Clinical Applications of 68Ga Peptides
Hofmann et al. [58] presented the first impressive 68Ga-DOTA-TOC images of neuroendocrine tumors, compared with 111In-octeriotide scintigraphy, in eight patients with carcinoid tumors. 68Ga-DOTA-TOC identified all lesions, whereas 111In-octreotide identified only 85%. Furthermore, quantitative analysis of these lesions showed higher tumor to non-tumor contrast ratios and low kidney accumulation for 68Ga-DOTA-TOC PET imaging [4]. The pharmacokinetics of 68Ga-DOTA-TOC and 18F-fluorodeoxyglucose (FDG) in metastatic NET patients demonstrated uptakes by 57 of 63 lesions and by 43 of 63 lesions, respectively [59]. Another comparison between these two radiopharmaceuticals in a small group of patients (n = 4) with metastatic NET showed that 68Ga-DOTA-TOC was better at depicting smaller lesions with low tracer uptake, especially when tumors bore somatostatin receptors at low densities [60].
A comparative study between 68Ga-DOTA-TOC PET and 99mTc-HYNIC-octreotide was performed by Gabriel et al. [6] in 88 patients with as neuroendocrine tumor. 68Ga-DOTA-TOC PET showed a sensitivity of 97%, a specificity of 92%, and an overall accuracy of 96%, which were significantly higher than those of single photon emission computed tomography (SPECT) using 99mTc-labeled tracer (Fig. 3).

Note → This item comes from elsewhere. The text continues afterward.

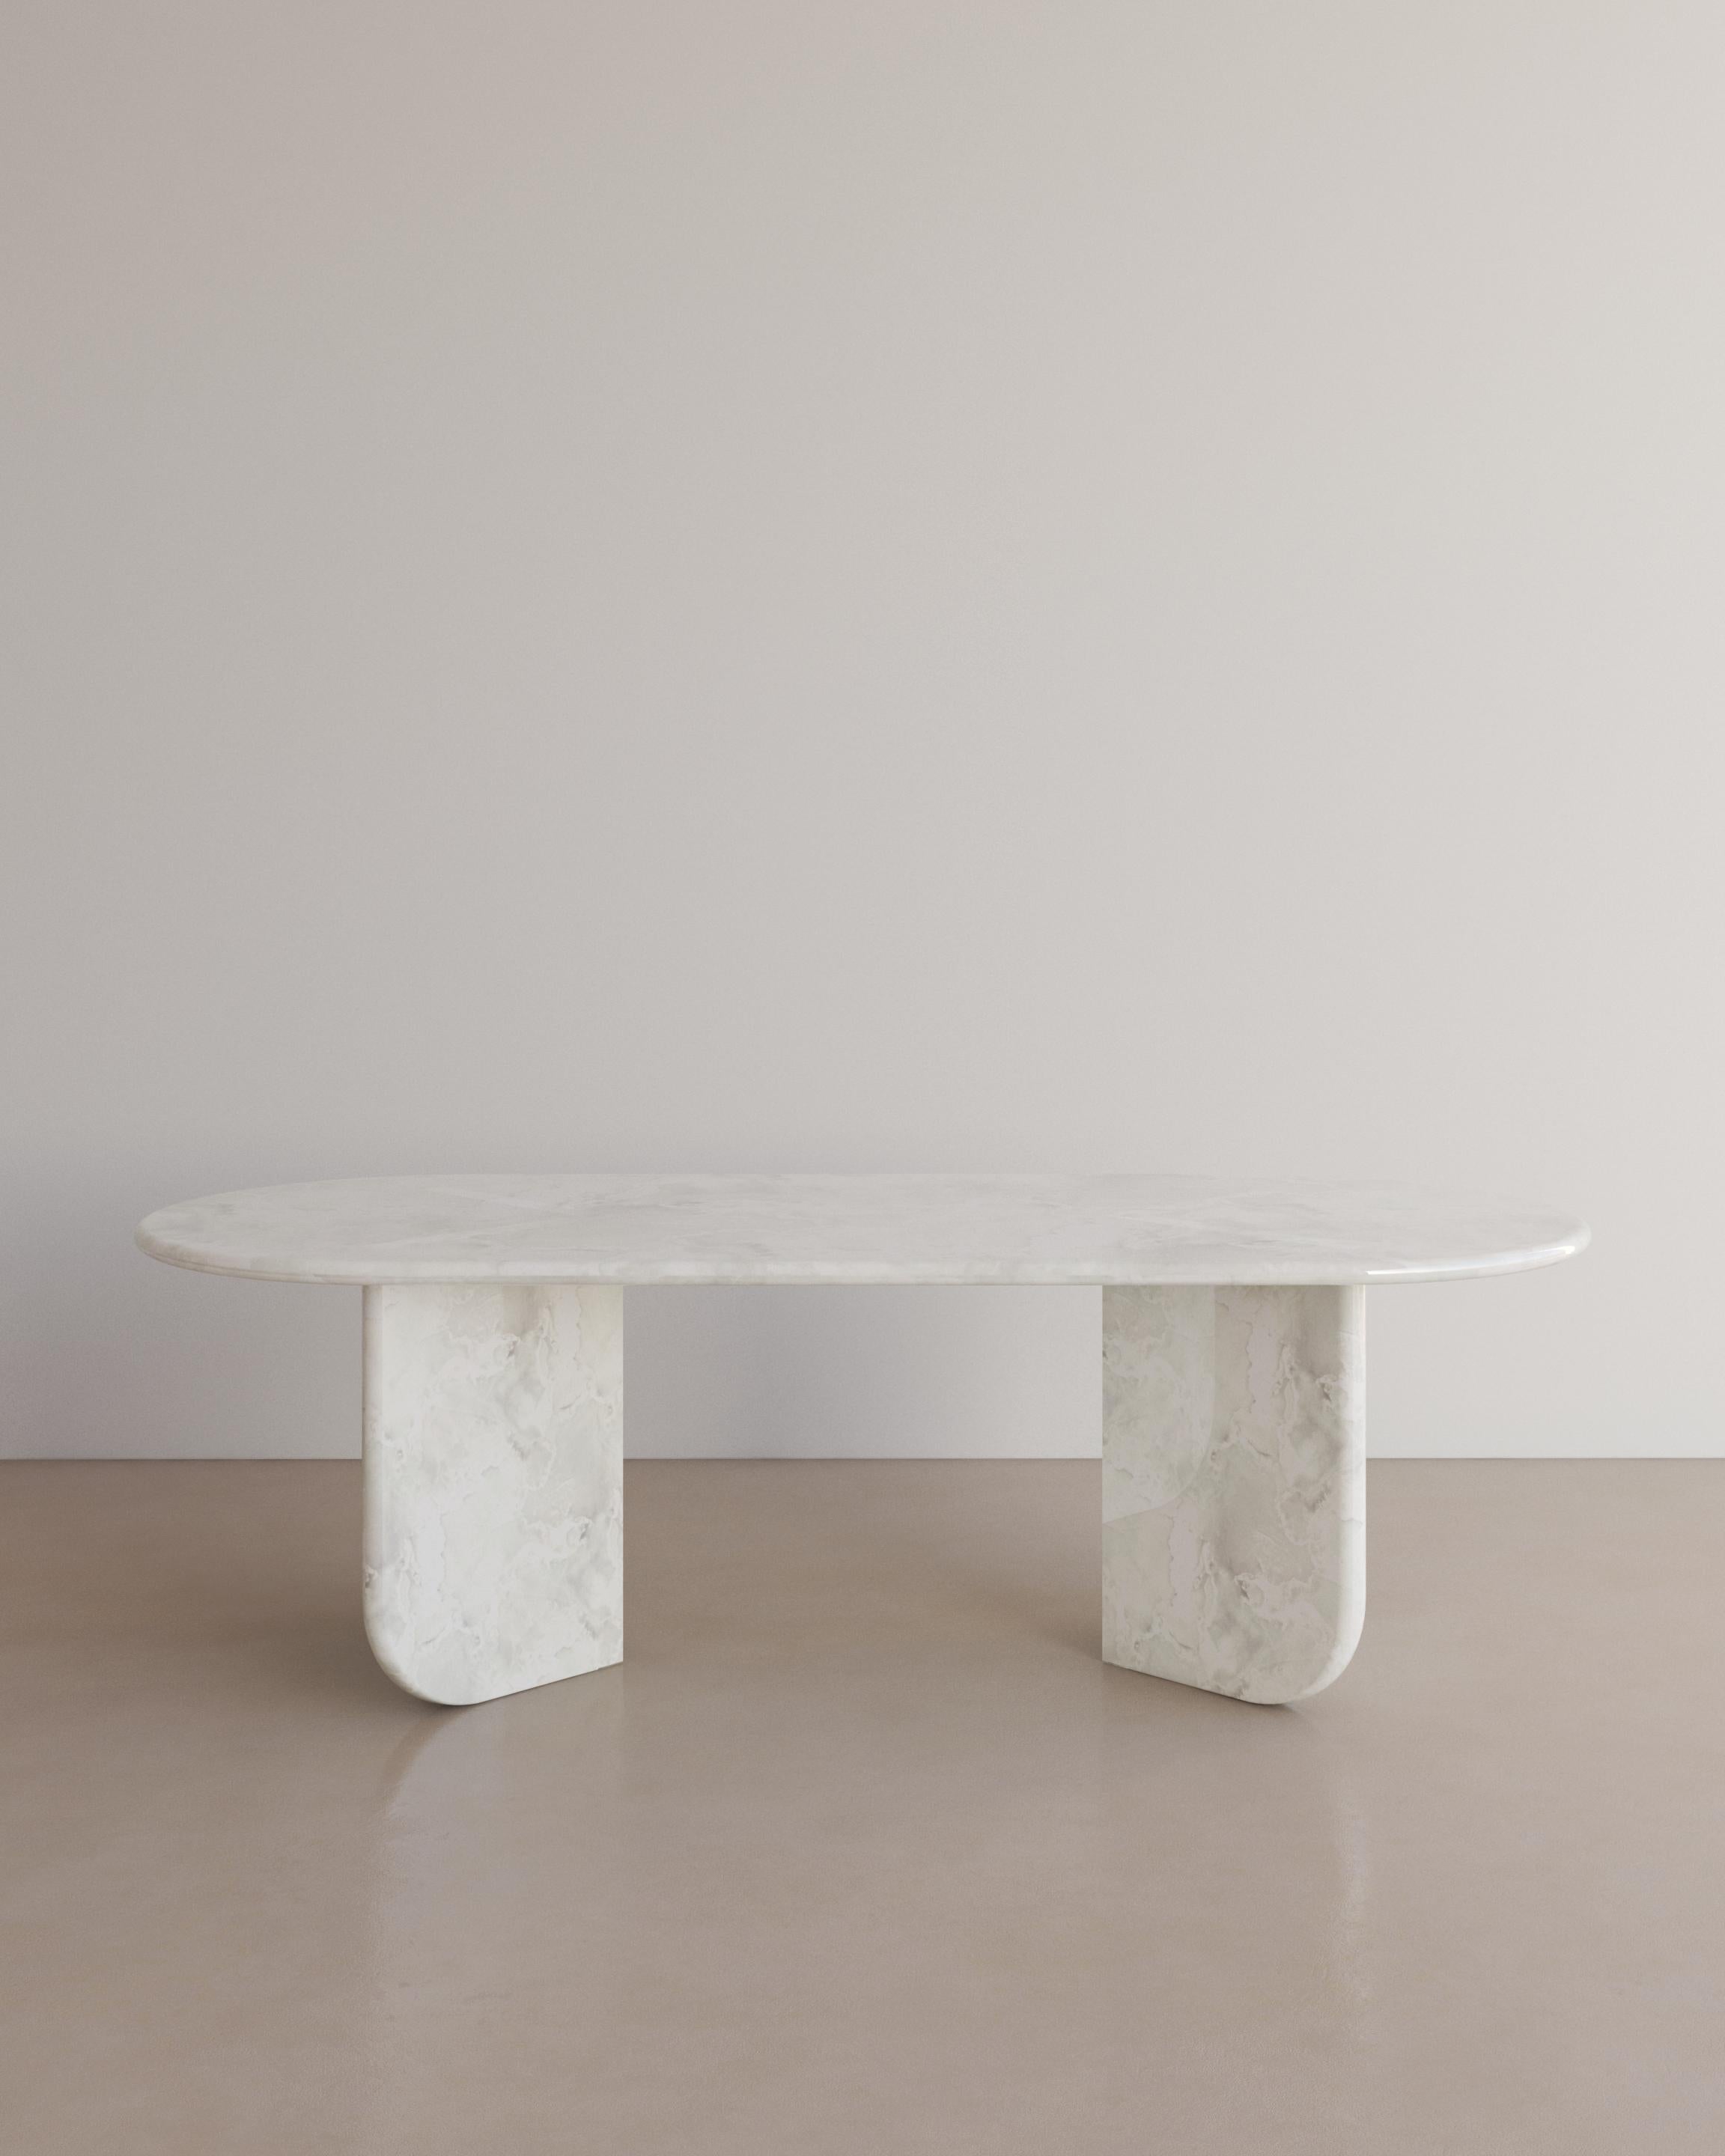 The Essentialist presents the Ètoile Dining Table I in Bianco Onyx. A bold rounded circle effortlessly stacks upon a four point star. Smooth planes exonerate beautiful natural patterning, forging a statement of minimalism that embodies the spirit of

A viability study of 68Ga-DOTA-TATE for pheochromocytoma PET imaging was conducted in patients who had previously undergone surgical resection of malignant pheochromocytomas. 68Ga-DOTA-TATE was positive in all five patients studied, whereas only three patients were positive by 123I-metaiodobenzylguanidine (MIBG) scan [61, 62]. Due to the difficulties of diagnosing meningioma by computed tomography (CT) and magnetic resonance imaging (MRI), other methods of characterizing these intracranial lesions are being sought. Imaging meningiomas with 68Ga-DOTA-TOC can provide useful clinical indications, because SSTR2 is highly expressed in most meningiomas. The first use of 68Ga-DOTA-TOC in meningiomas in three patients was reported by Milker-Zabel and co-workers; the same group evaluated its kinetic parameters in meningioma [63].
Conclusion
The use of a 68Ge/68Ga-generator that can consistently supply 68Ga, which has a half-life of 271 days, provides a convenient way of producing 68Ga for more than a year. Furthermore, the cost of the generator is comparable with those of other radionuclides used for PET. In addition, diagnostic approaches based on 68Ga-labeled agents have the additional advantage of facilitating treatment. For example, when a diagnostic scan is positive, these agents can be labeled with therapeutic radionuclides, such as, yttrium-90, lutetium-177, or rhenium-188. Ongoing experimental work suggests the feasibility of 68Ga labeling with different biomolecules for the imaging of different tumors, myocardium, and infection. The commercial availability of 68Ge/68Ga-generator will undoubtedly encourage further preclinical research and clinical studies, and may open the door to new possibilities for PET.